Coffee to get a roasting in chilly Northeast

HARBIN — Di Guochen, a businessman in Harbin, capital of Heilongjiang province, has an ambitious plan to turn the city into a trading center for raw coffee beans.

As the chairman of the province’s coffee industry and communication alliance, Di is brewing up an idea to grow coffee in South America, transport the beans to China for processing and then sell the finished product to neighboring countries.

After years of living in Brazil, Di has developed a deep understanding of the coffee industry and is optimistic about the prospect of cooperation with the country.

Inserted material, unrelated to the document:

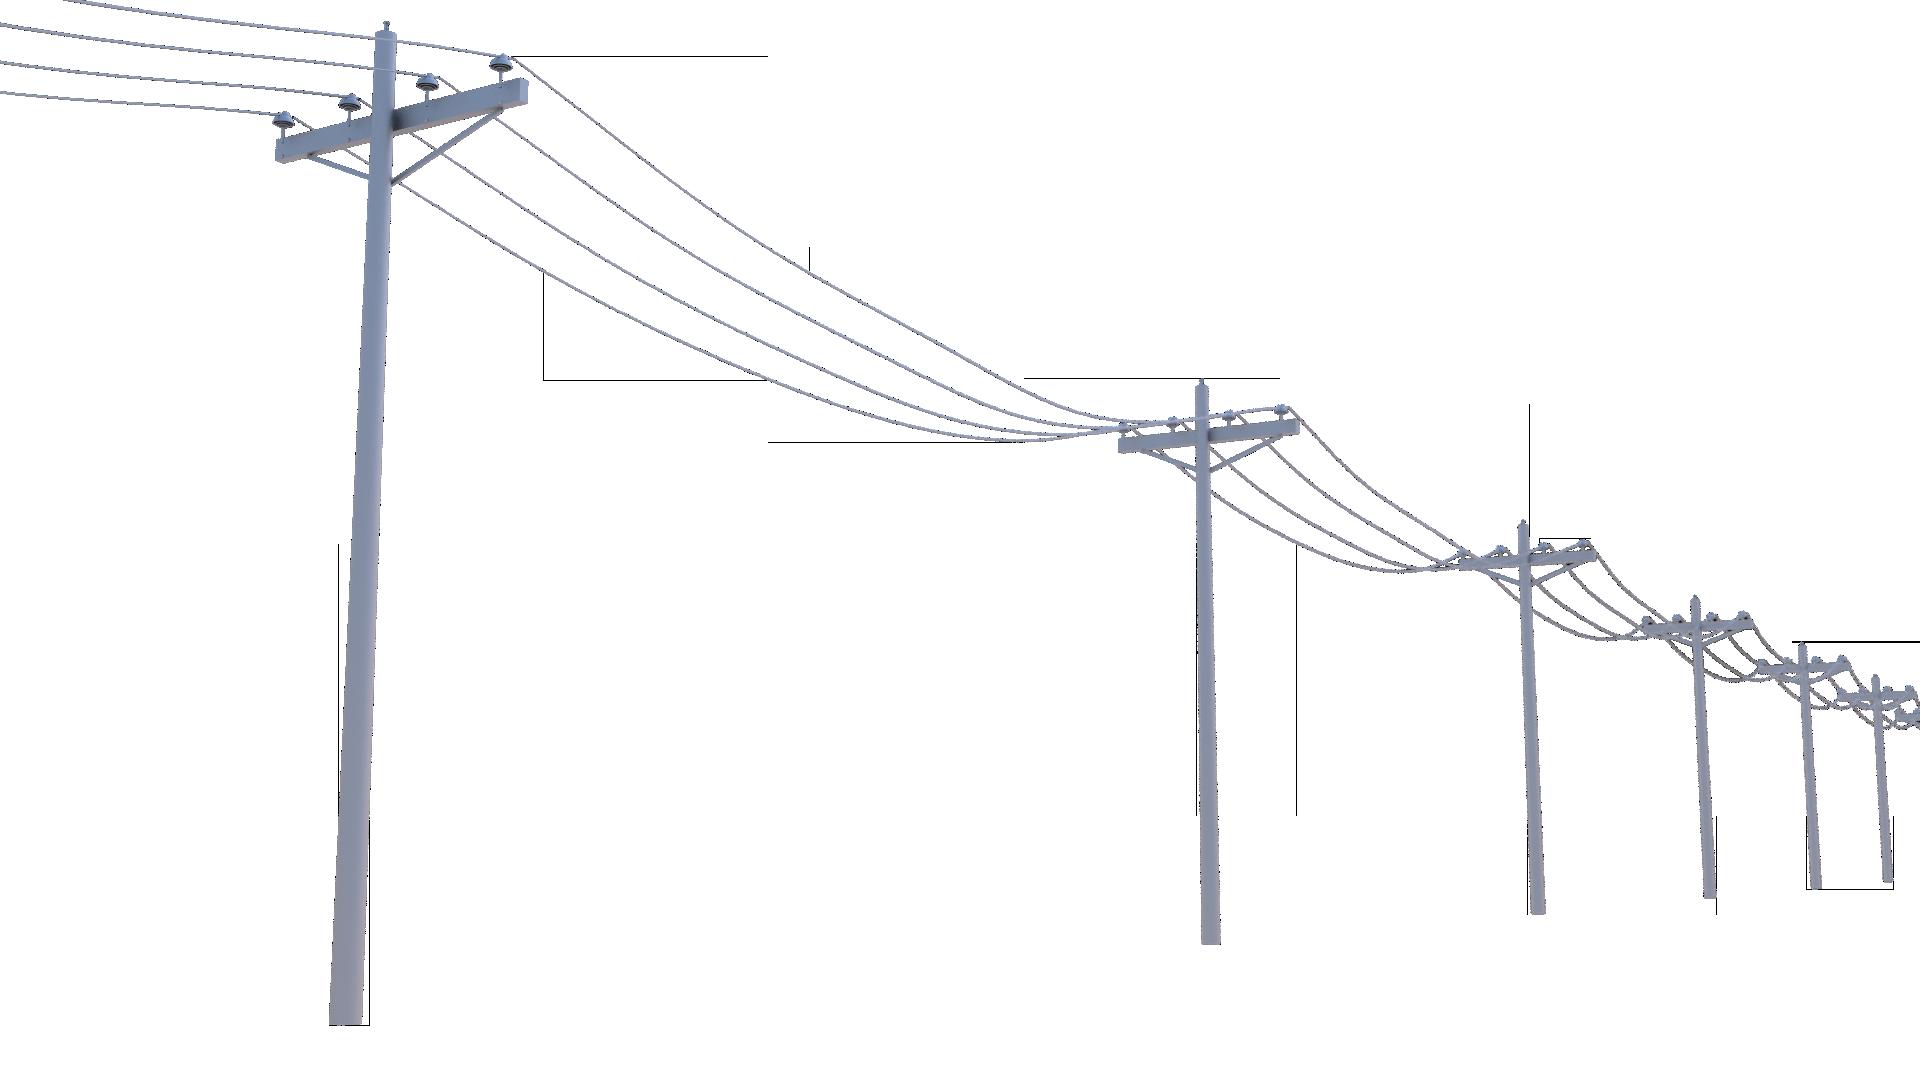 4 wire telephone line diagram  | 584 x 265
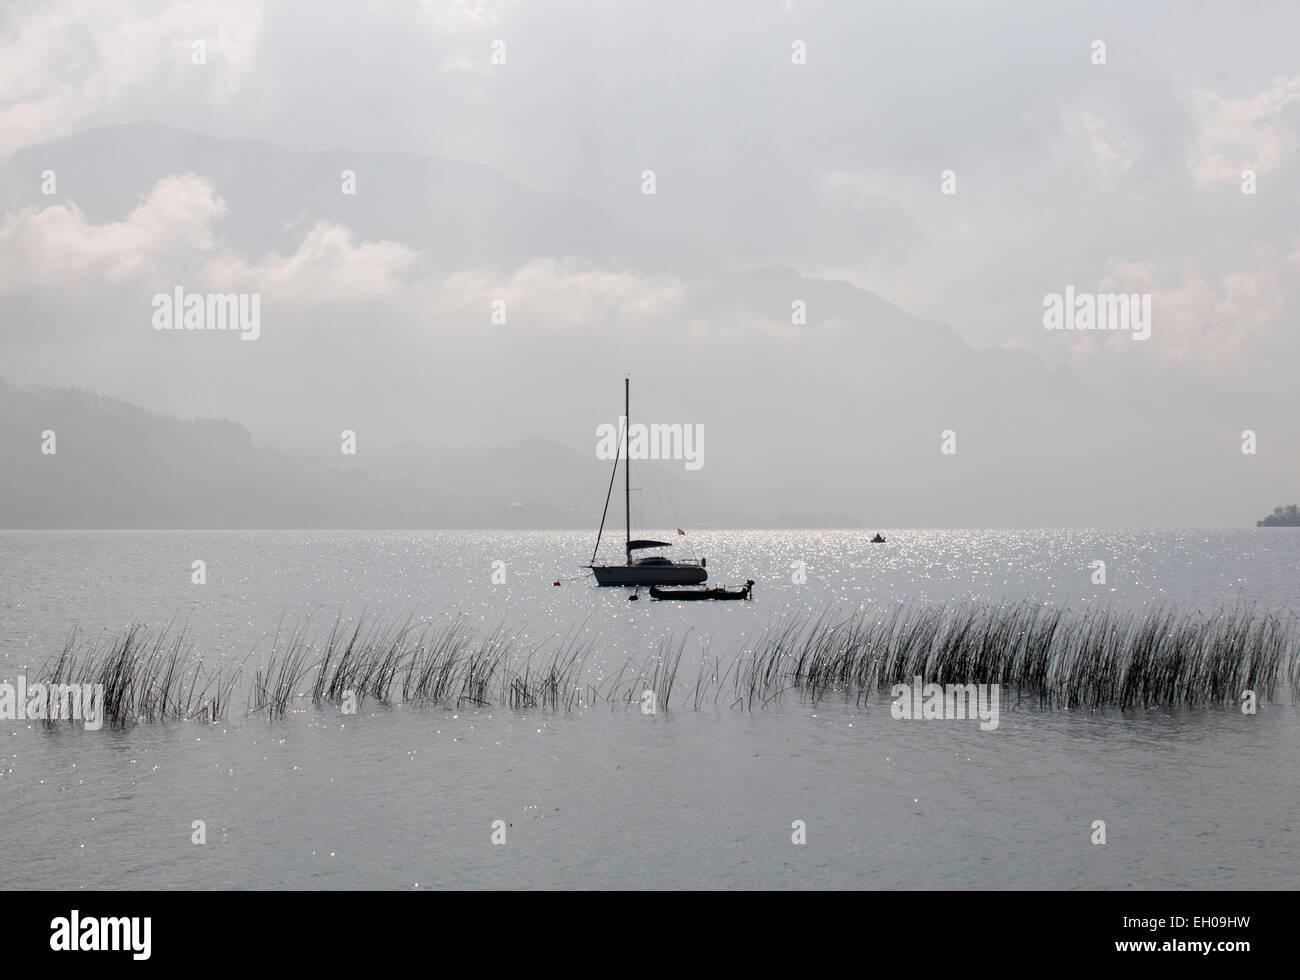 Austria, Nussdorf, tormentosa atmósfera en el lago Atterssee Imagen De Stock

“South America is known for its top-quality coffee, but processed, roasted coffee can only be kept for a relatively short time,” Di said. “Japan, South Korea and Russia are big coffee consumers. If a roasting plant is built in Heilongjiang, it will rev up China’s coffee industry and better serve neighboring markets.”

Located in northeastern Asia, Harbin has a history as a city of combined Chinese and Western cultures. It has a well-developed coffee culture with hundreds of coffee shops in operation, as well as huge market potential.

Drinking coffee has become a habit for white-collar workers, college students and foreign residents of Harbin in recent years.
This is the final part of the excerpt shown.